Necrotizing Enterocolitis

Necrotizing enterocolitis 202[1]

Neonatal necrotizing enterocolitis (NEC) is a destructive non-specific inflammatory bowel disease of preterm infants and continues to be a significant clinical problem of the neonatal period. It affects nearly 10% of infants with a mass less than 1500 g and has more than 50% of mortality rates depending on the severity of illness. In spite of the fact that necrotizing enterocolitis is most common in premature infants, it may rarely occur in term newborns.


Presentation of necrotising enterocolitis has a broad spectrum of severity, from fulminant to insidious or asymptomatic forms at first. However, milder forms are more frequent in growing premature infants [8]. A decrease of gastric retention and feeding tolerance is a common early symptom of the disease. It is known that the level of glutamine and arginine have decreased for at least 10 days before clinical verification of NEC [6]. These amino acids are essential components for gastrointestinal muscle cells but it is still unclear if they can be considered as markers of the disease or part of pathogenesis.

Initial signs can involve one or more of the next:

  • Meteorism: The increase of feeding intolerance and abdominal distension are initial clinical symptoms of NEC [8]. Meteorism caused by the accumulating of gas, that builds up in the intestine.
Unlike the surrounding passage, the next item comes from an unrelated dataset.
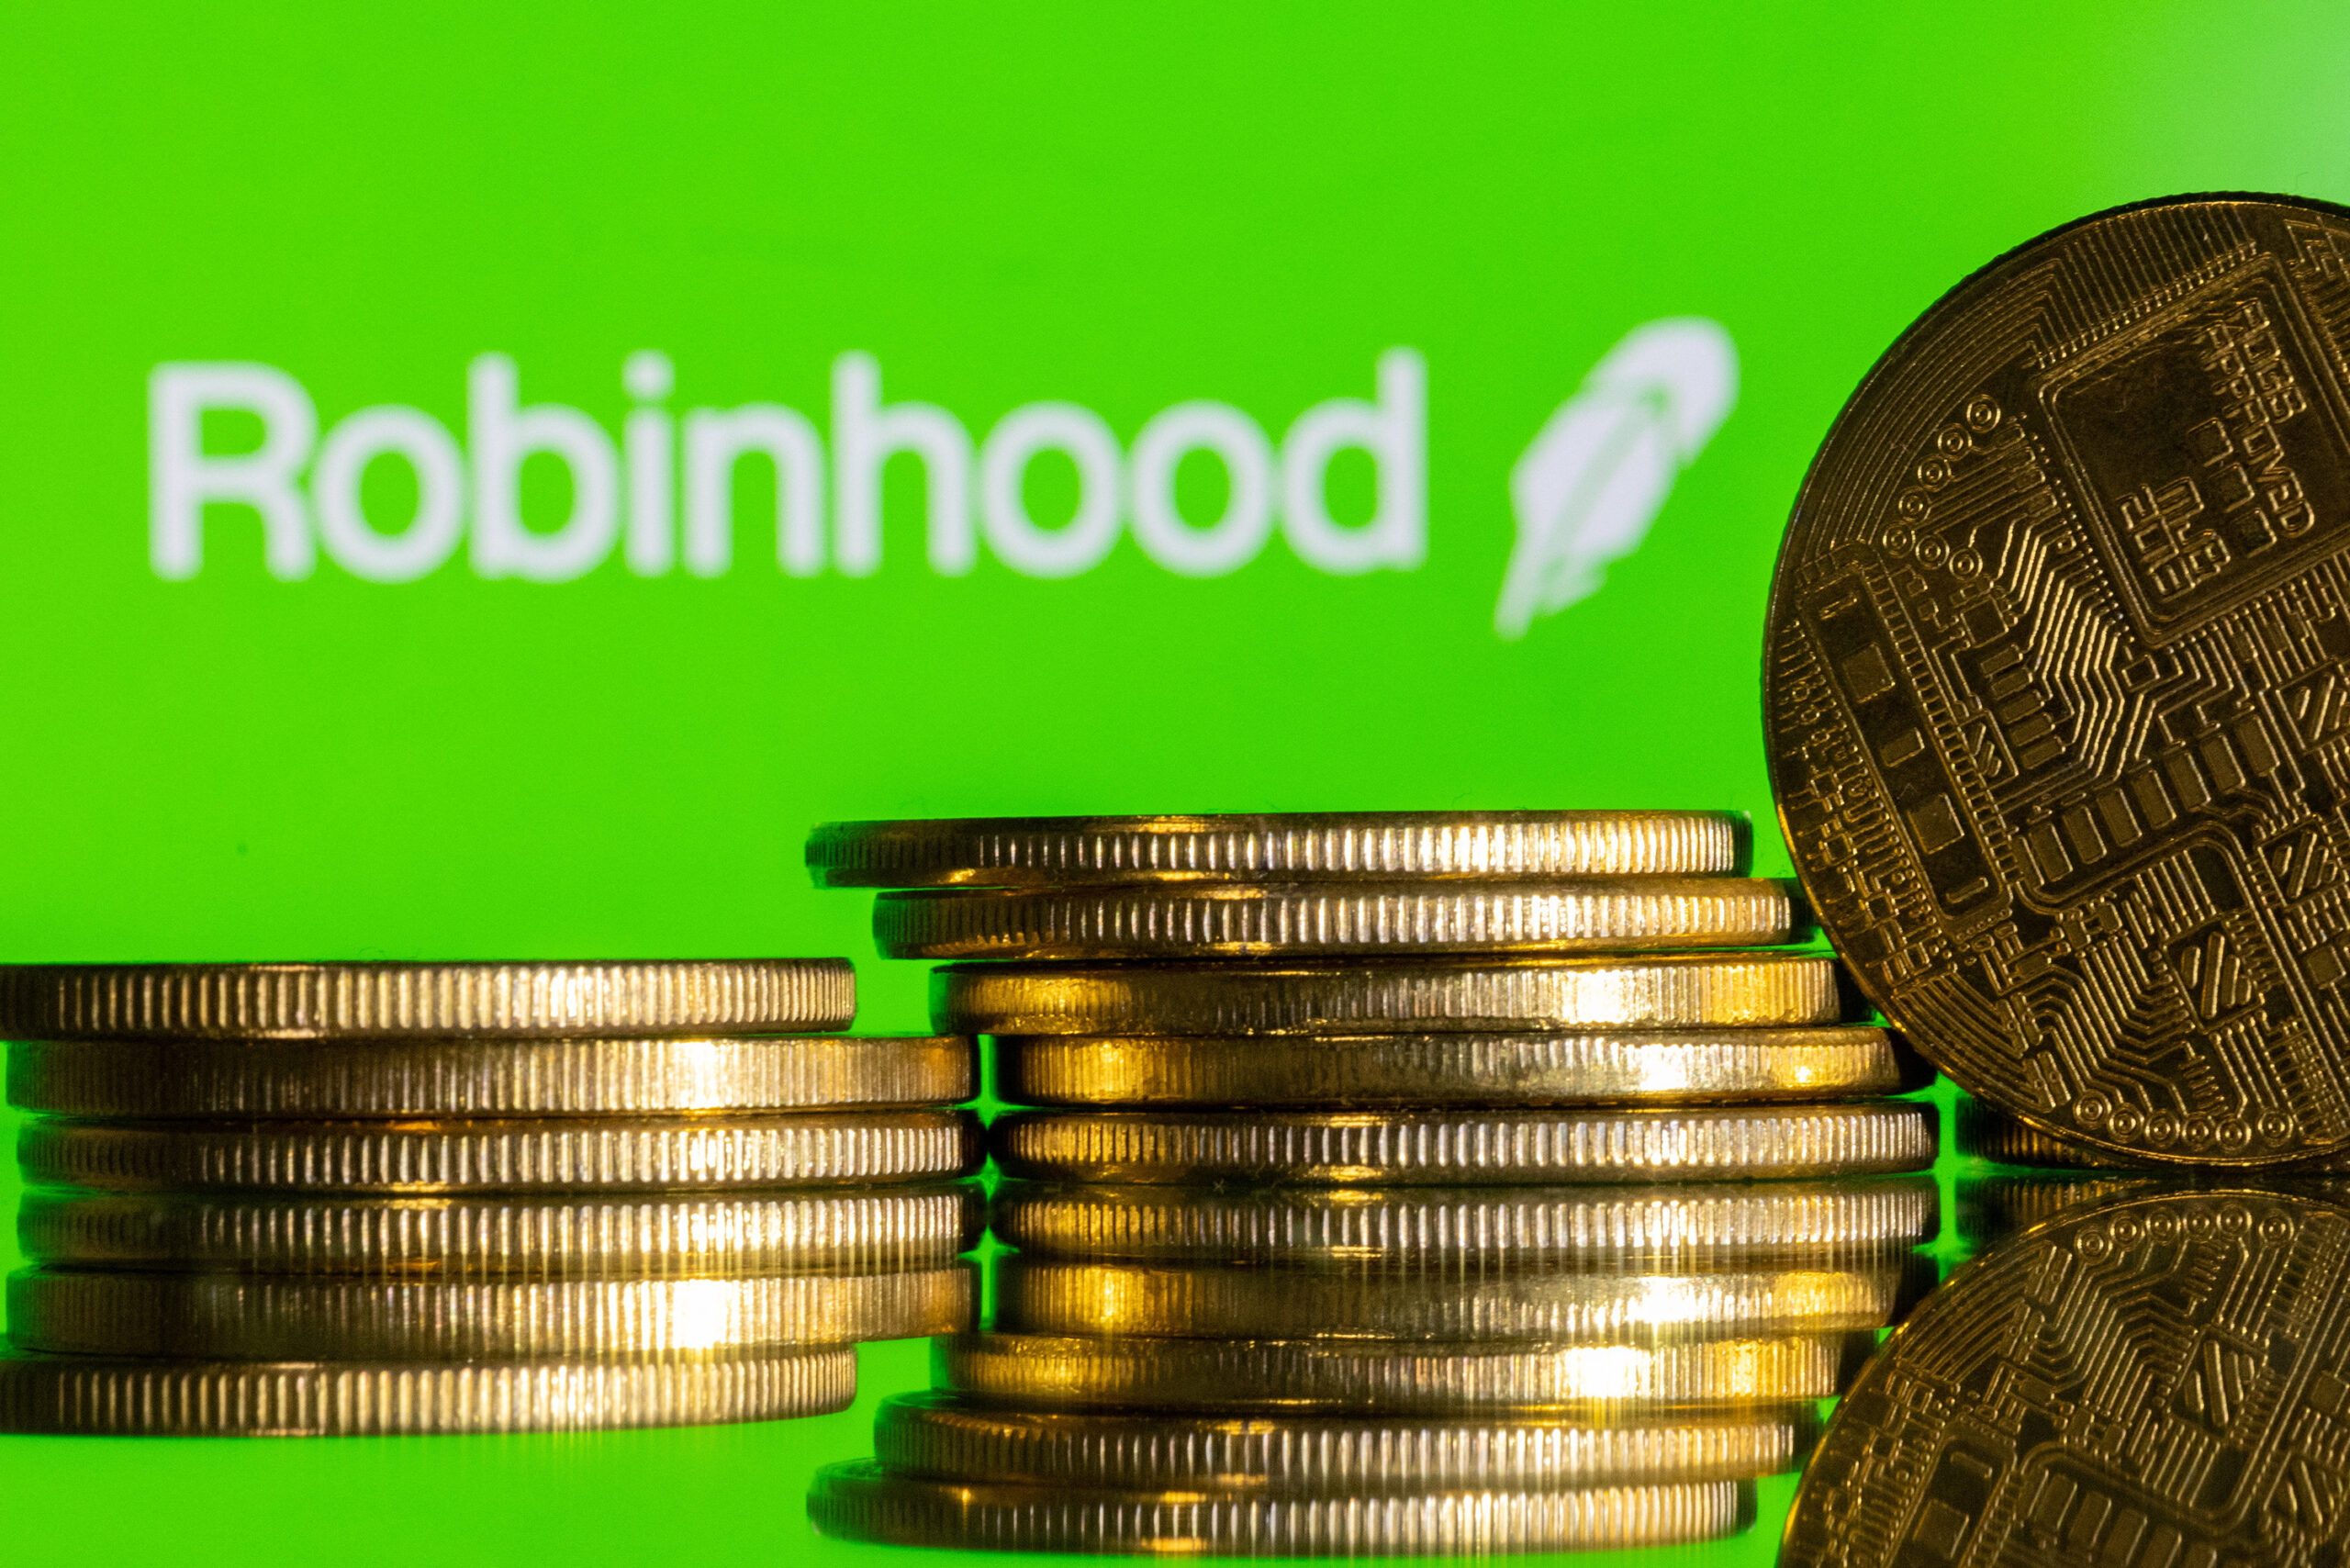 Robinhood Crypto gets enforcement action notice from US SEC

Consequently, continued abdominal distension may compromise the bowel's wall perfusion. 
  • Visible to naked eye intestinal loops
  • Bilious vomiting
  • Stool change (bloody mucoid)
  • Decrease of peristaltic sounds
  • Erythema of the abdomen wall
  • Ascites

Nonspecific systemic signs can include:

The clinical presentation and recognize of NEC are based on well-defined staging criteria [9] [10] [11]. It consists of the severity of systemic, intestinal symptoms and radiographic findings.

Bell Stage I - suspected necrotising enterocolitis (NEC)

  • Systemic: general signs such as fiber, inactivity, apnoea, bradycardia.
  • Gastrointestinal tract (GIT): gastric residuals, positive fecal occult blood test.
  • Abdominal X-ray (AXR): without pathological finding or nonspecific changes.

Stage IB diagnosis is equivalent to IA, with the addition of the bloody stool.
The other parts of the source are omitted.